▶ BRIEF
Leave out every picture, then transcribe the rest of the listing exactly.

-- SOURCE DATA follows --

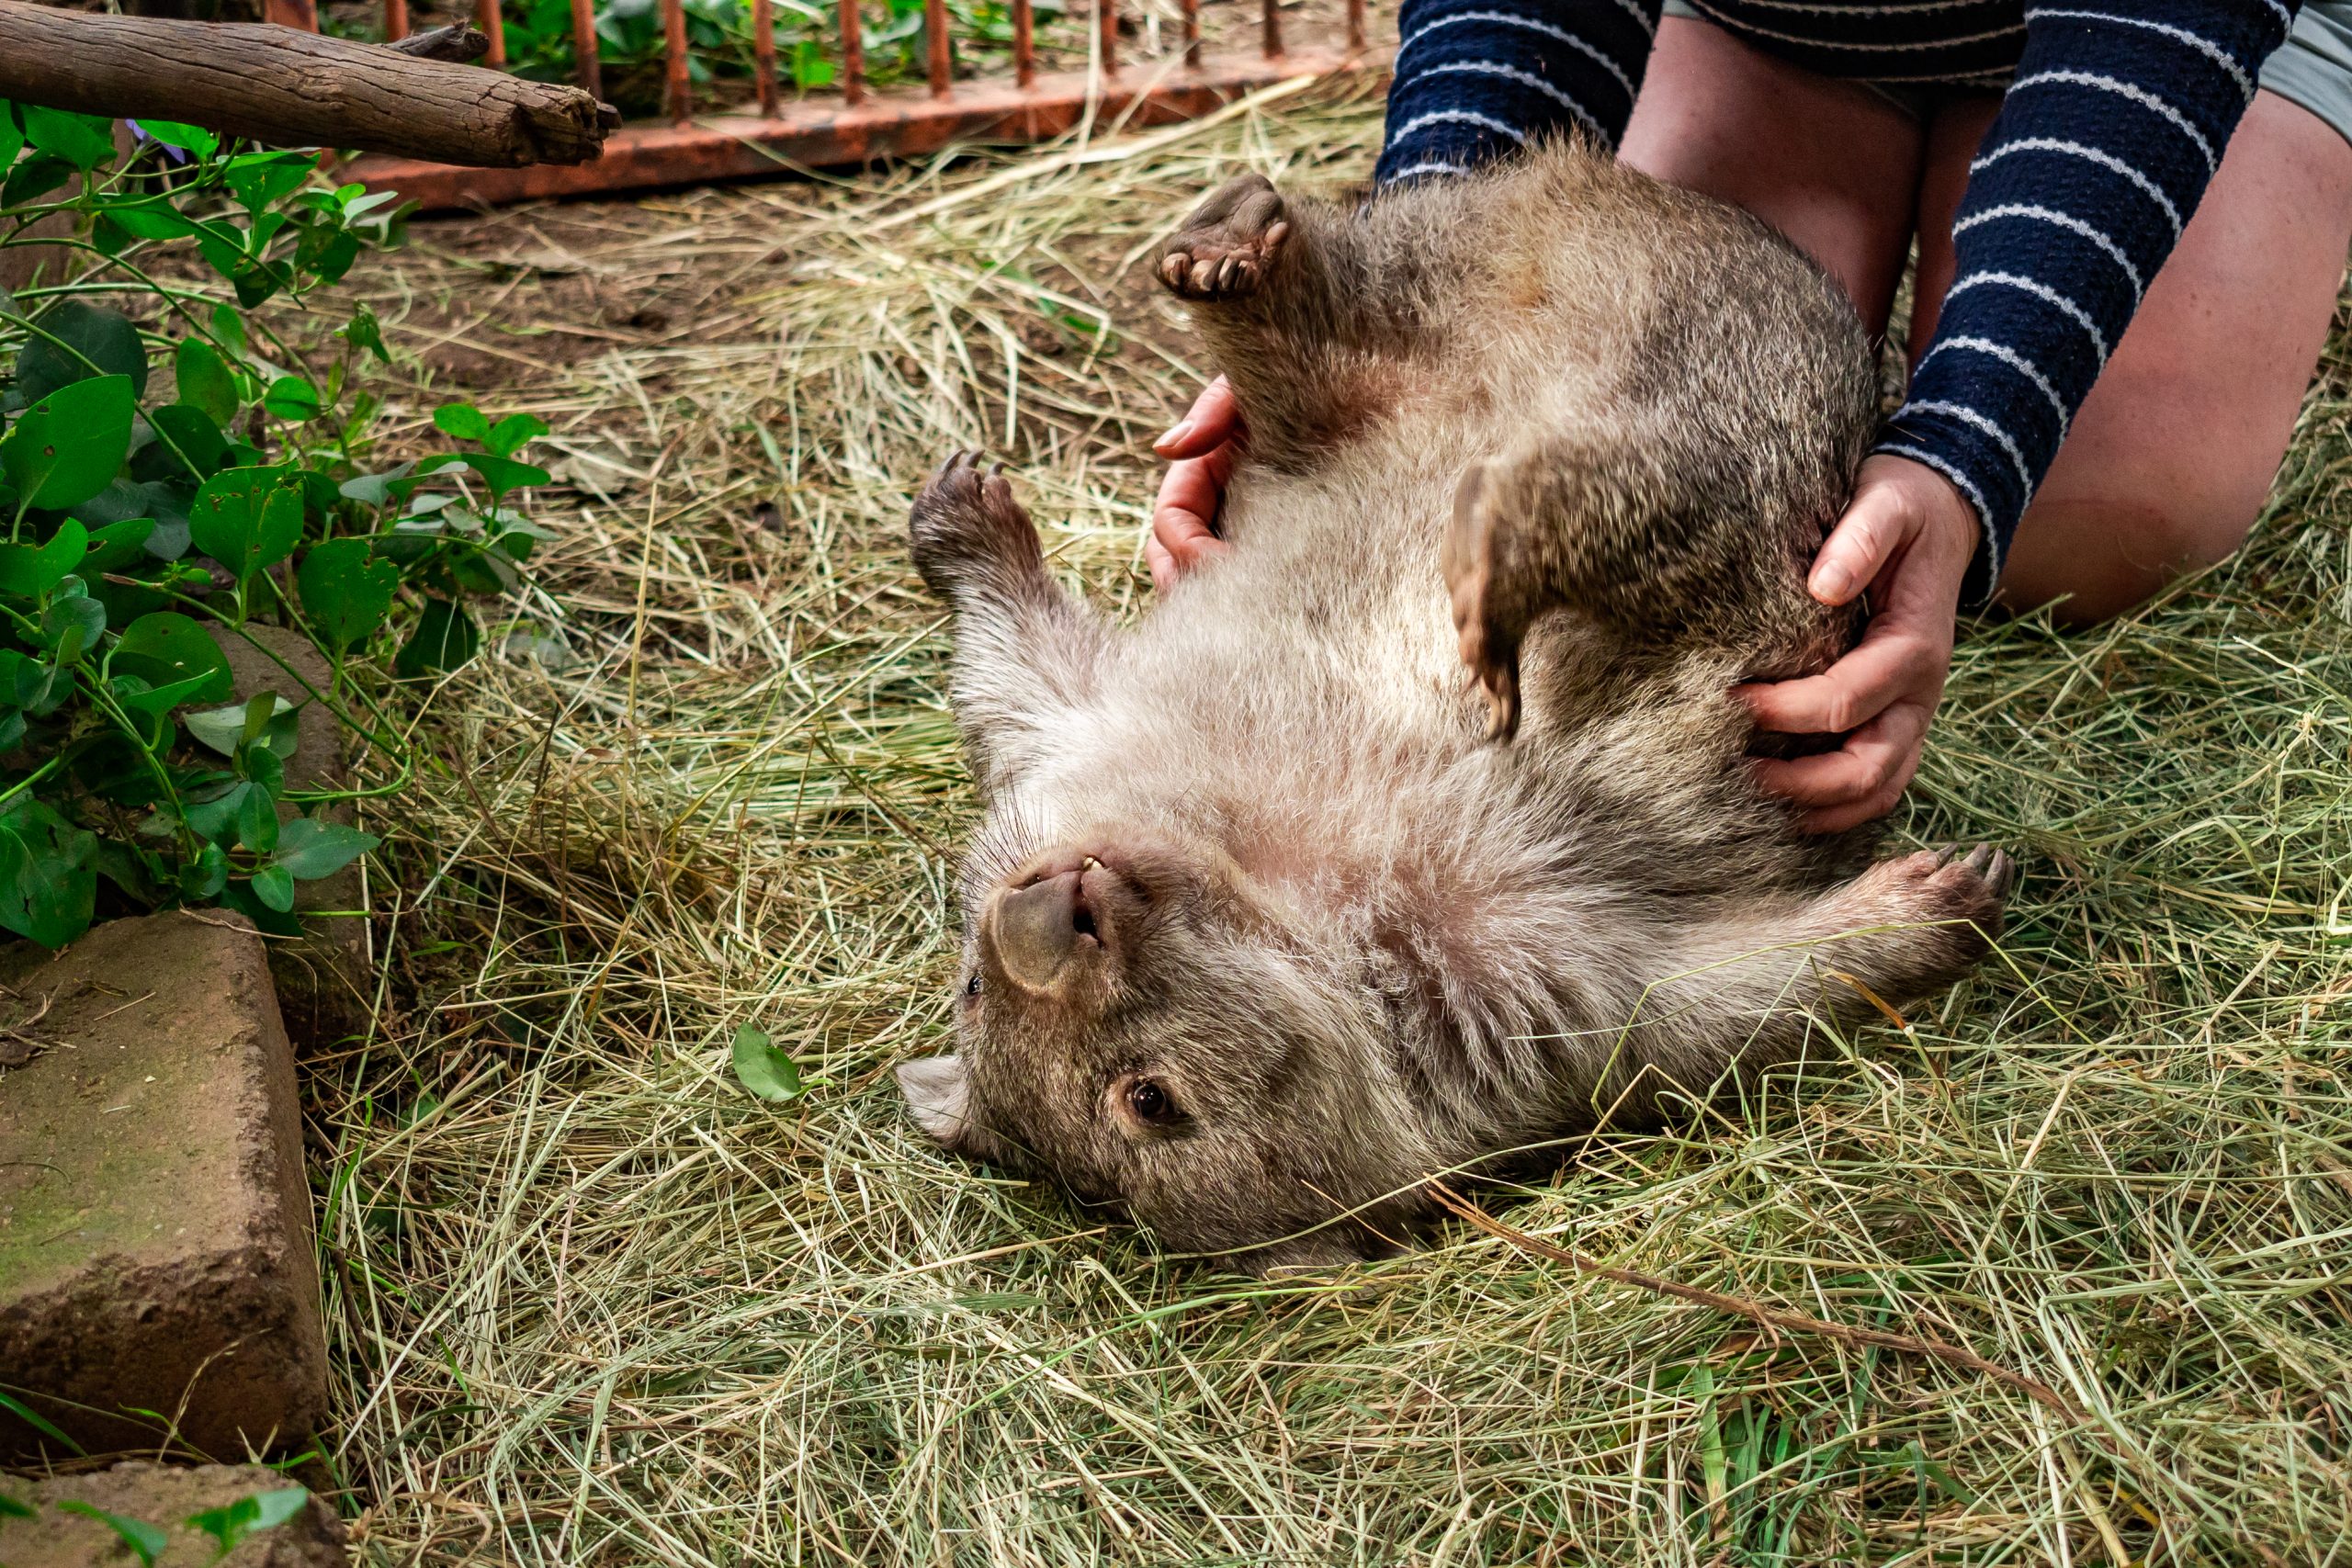 Wombat having its stomach scratched
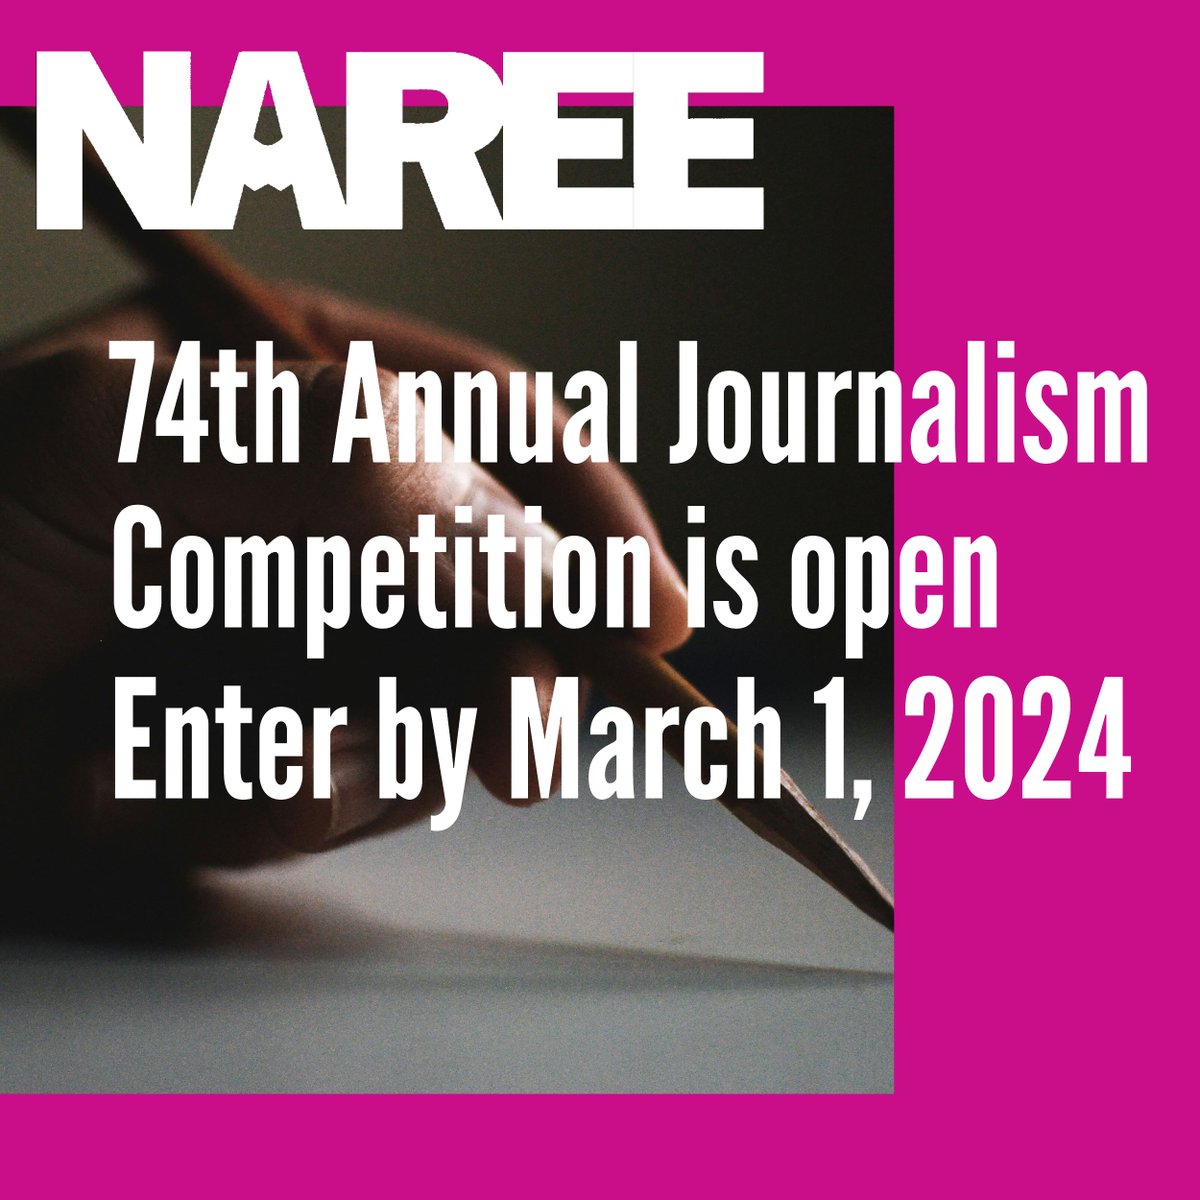 It's that time of year again! NAREE's 74th Annual Journalism Competition is open and accepting entries in 29 categories for journalism about real estate. Enter by the March 1st deadline (no extension again this year). Details on naree.org.
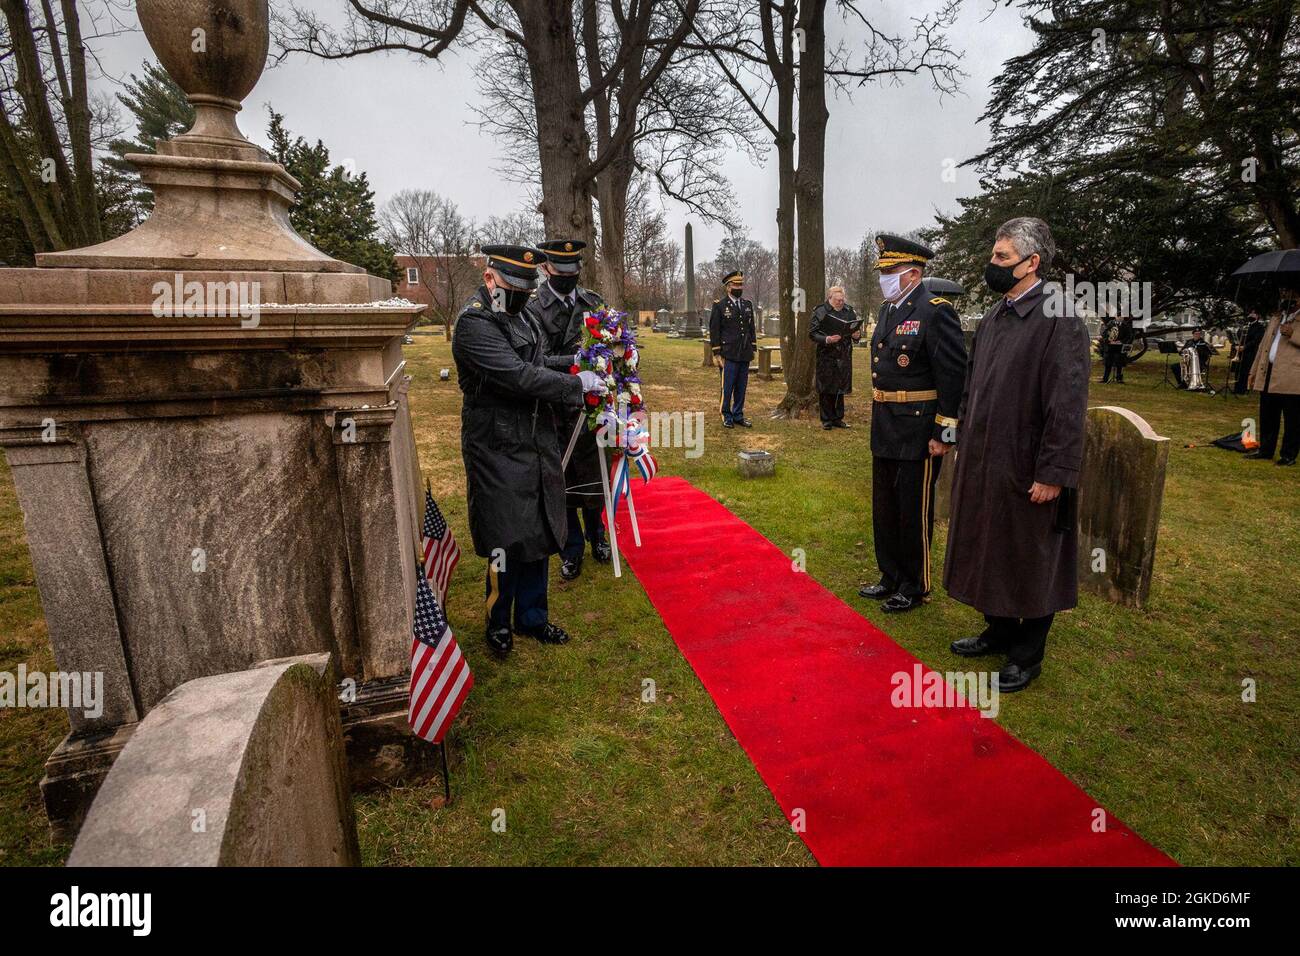 U.S. Army Honor Guard Soldiers with the 99th Readiness Division, U.S. Army Reserve, carry a memorial wreath to President Grover Cleveland’s grave at Princeton Cemetery, Princeton, N.J., March 18. 2021. The ceremony commemorated President Cleveland’s 184th birthday. The Presidential Wreath Laying Program is administered by the White House Military Office, which is responsible for coordinating the annual placement of presidential wreaths at the tombs and resting places of former presidents, other famous Americans, and at certain memorials of historical significance. Stock Photo

-- SOURCE DATA concluded --

▶ ANSWER SECTION
 Wombat having its stomach scratched
 It's that time of year again! NAREE's 74th Annual Journalism Competition is open and accepting entries in 29 categories for journalism about real estate. Enter by the March 1st deadline (no extension again this year). Details on naree.org.
 U.S. Army Honor Guard Soldiers with the 99th Readiness Division, U.S. Army Reserve, carry a memorial wreath to President Grover Cleveland’s grave at Princeton Cemetery, Princeton, N.J., March 18. 2021. The ceremony commemorated President Cleveland’s 184th birthday. The Presidential Wreath Laying Program is administered by the White House Military Office, which is responsible for coordinating the annual placement of presidential wreaths at the tombs and resting places of former presidents, other famous Americans, and at certain memorials of historical significance. Stock Photo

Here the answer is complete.